Brasilia: Order & Progress
Brasilia is Brazil’s gleaming vision of the future—a stark white metropolis shining amid the green plains and woodlands of the Planalto Central.
This city exemplifies the “order and progress” celebrated in motto on the national flag.
Brasilia replaced Rio as the federal capital in 1960—a move designed to populate the interior and bring regional neutrality to the country’s government.
Brasilia embodies the 20th-century principles of urbanism on a massive scale.
The city was planned by Lucio Costa, who laid out the central thoroughfares in the shape of a bird in flight. Many of the Brasilia’s public buildings were designed by famed architect Oscar Niemeyer.
His accomplishments include the National Congress, National Library, Presidential Palace, National Museum, and Cathedral of Brasilia.
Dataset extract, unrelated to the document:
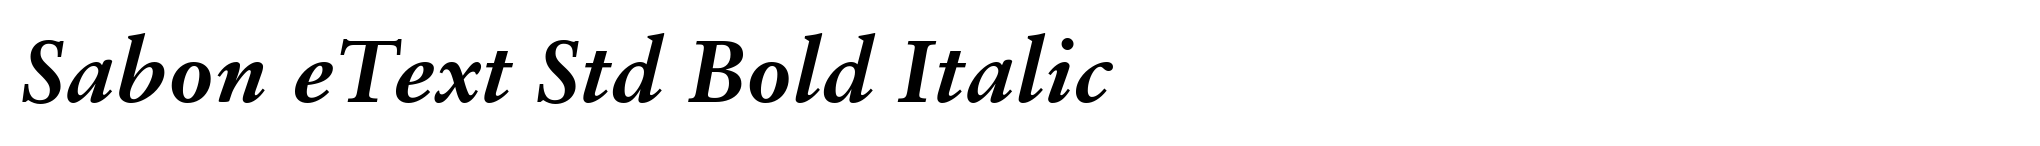 Sabon eText Std Bold Italic image

Brasilia was inscribed in the UNESCO World Heritage list in 1987, in honor of its architectural treasures.
Brasilia’s climate is tropical, with year-round highs in the 90s and lows around 60°F. Rain is more common in the winter months of November to March.
“It is not the right angle that attracts me, nor the straight line, hard and inflexible, created by man. What attracts me is the free and sensual curve—the curve that I find in the mountains of my country, in the sinuous course of its rivers, in the body of the beloved woman.”